Find the equation of the plane passing through the intersection of the planes

Find the equation of the plane passing through the intersection of the planes $\vec{r}.\left ( \hat{i}+\hat{j} +\hat{k}\right )= 1$ and $\vec{r}.\left ( 2\hat{i}+3\hat{j} -\hat{k}\right )+4= 0$ and parallel to x-axis.

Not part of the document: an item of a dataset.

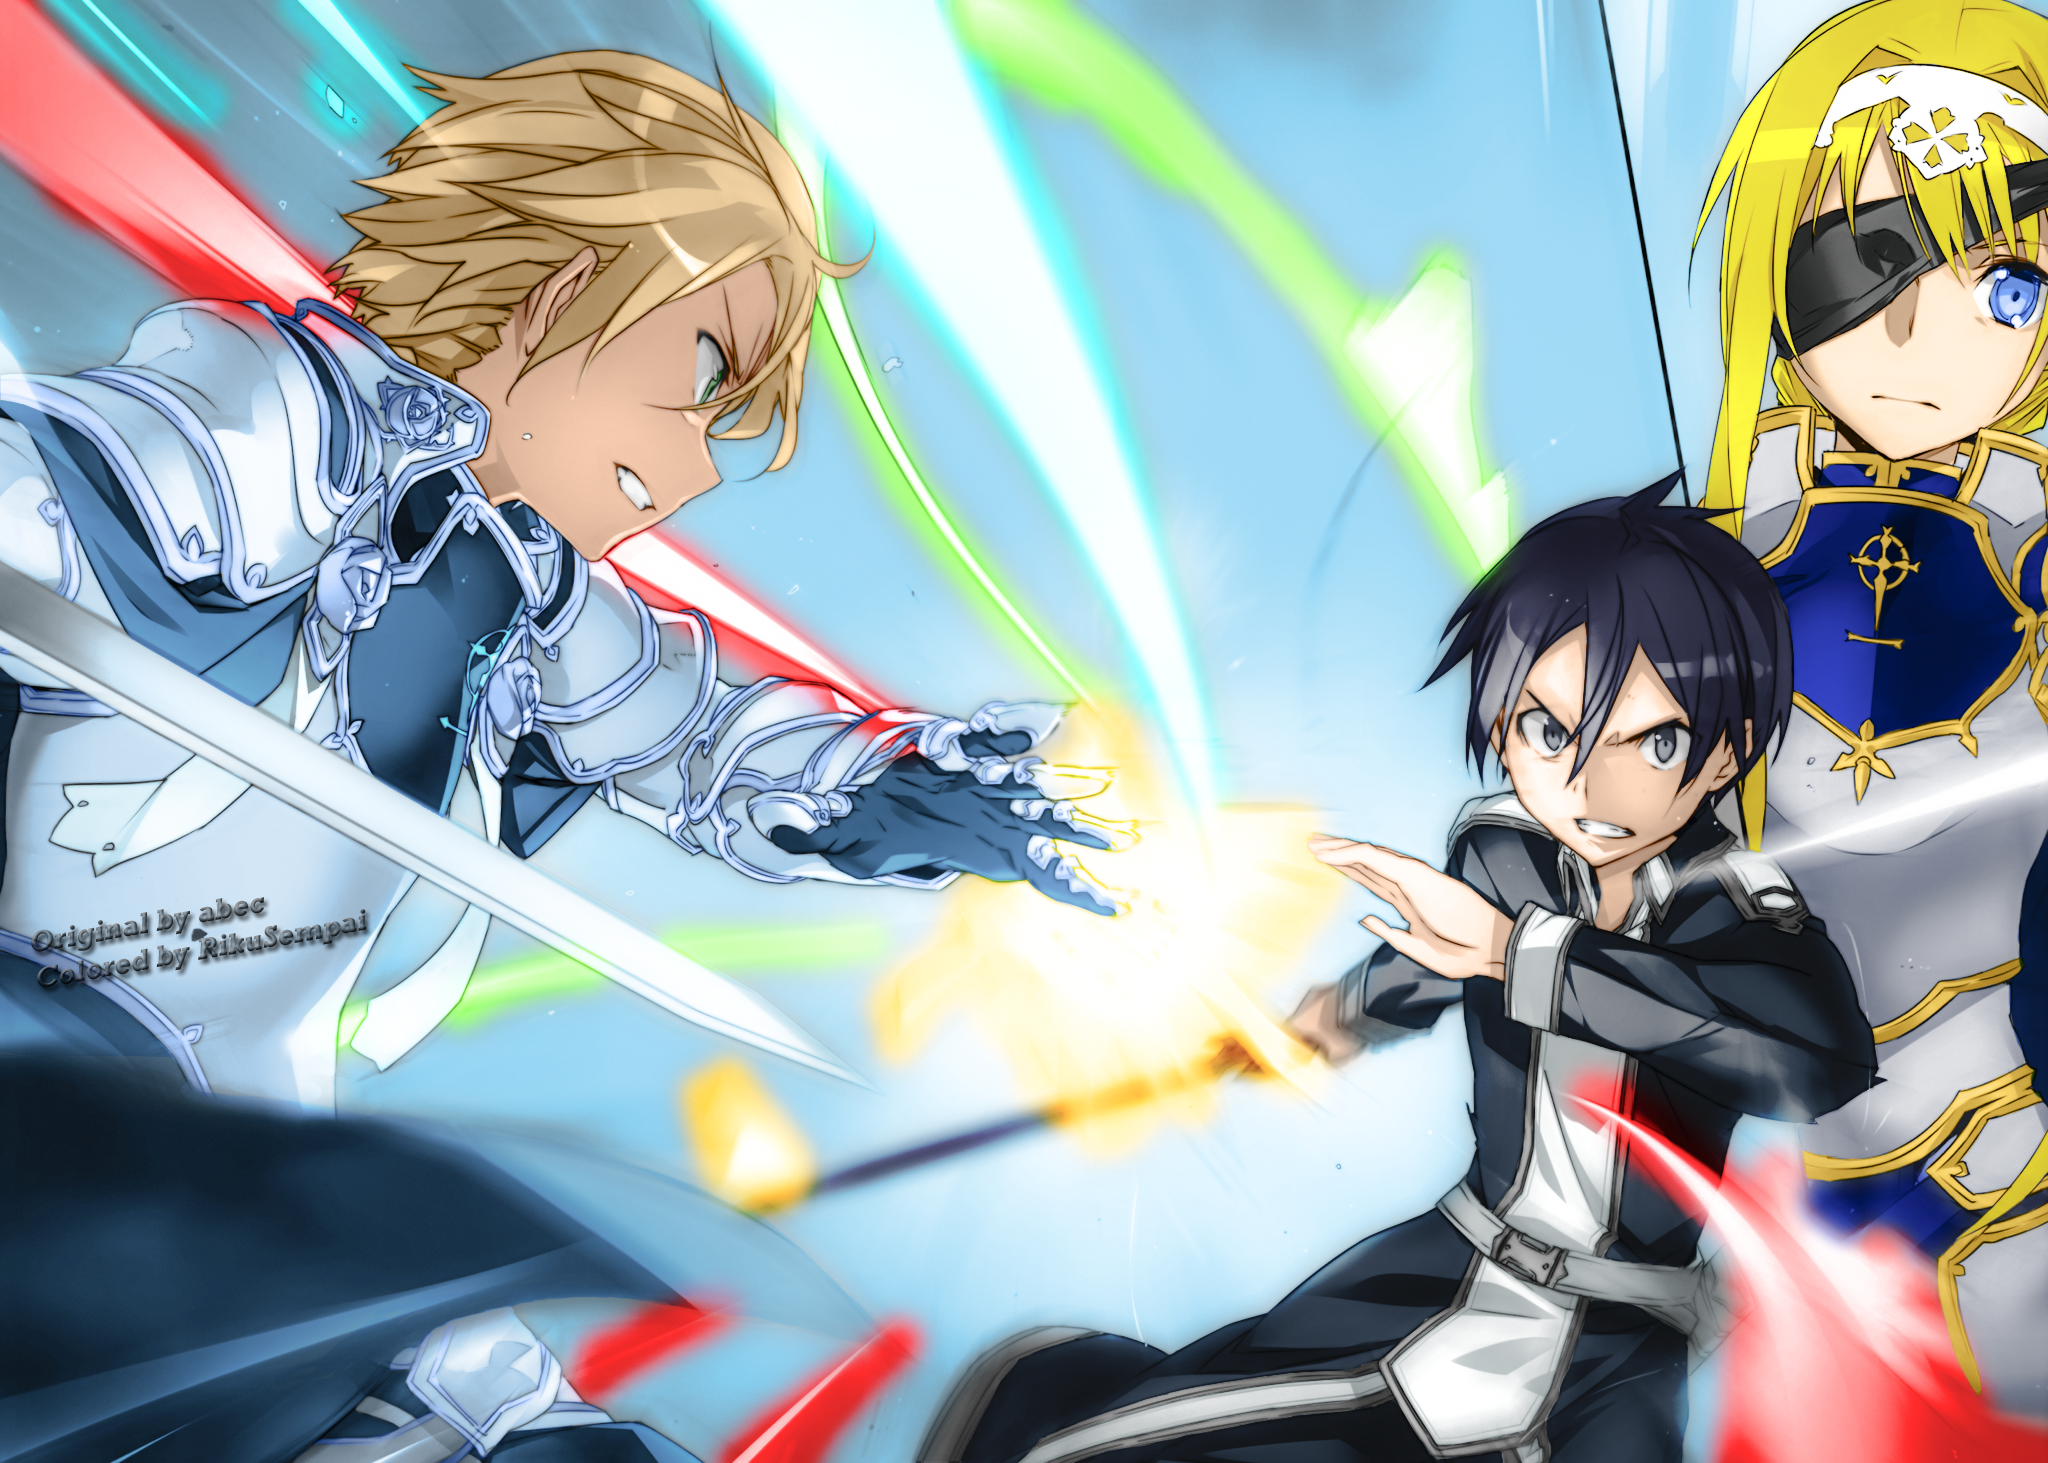 Anime Sword Art Online: Alicization HD Wallpaper

Hence .find the distance of the plane from x-axis.

Answers (1)

Equation of plane passing through the intersection of the planes
$\vec{r}\cdot \left ( \hat{i}+\hat{j}+\hat{k} \right )-1= 0\:\: \S\: \:\vec{r}\cdot \left ( 2\hat{i}+3\hat{j}-\hat{k} \right ) +4= 0$
$\left [ \vec{r} \cdot \left ( \hat{i}+\hat{j} +\hat{k}\right )-1\right ]+\lambda \left [ \vec{r}\cdot \left ( 2\hat{i}+3\hat{j} -\hat{k} \right )+4 \right ]= 0$
$\vec{r}\cdot \left [ \left ( 1+2\lambda \right )\hat{i}+\left ( 1+3\lambda \right )\hat{j}+\left ( 1-\lambda \right )\hat{k} \right ] = 1+4\lambda = 0\: ---(1)$
Direction ration (1,0,0)
$\left ( 1+2\lambda \right )\cdot 1+0+0= 0$
$1+2\lambda = 0$
$\lambda = \frac{-1}{2}$
Equation (1) $\vec{r}\cdot \left [ \left ( \hat{i}+3\left ( \frac{-1}{2} \right )\hat{j} +\hat{k}\left ( 1-\left ( \frac{-1}{2} \right ) \right )\right ) \right ]$
$\Rightarrow\vec{r}\cdot \left [ -\frac{1}{2}\hat{j}+\frac{3}{2}\hat{k} \right ]= 3$
$\Rightarrow\vec{r}\cdot \left [ -\hat{j}+3\hat{k} \right ]= 6$
$-y+3z= 6\: \: \Rightarrow y-3z+6= 0$
Distance of the point from x axis: x(x,0,0)
$d= \frac{\left | Ax+By+Cz+D \right |}{\sqrt{A^{2}+B^{2}+C^{2}}} \: \: x= x$
$y= 0$
$z= 0$
$= \frac{\left | 0\times x+1\times 0+\: \: \times 0+6 \right |}{\sqrt{0+1+\left ( 3 \right )^{2}}}$
$\Rightarrow \frac{6}{\sqrt{10}}= \frac{6}{\sqrt{10}} \: units$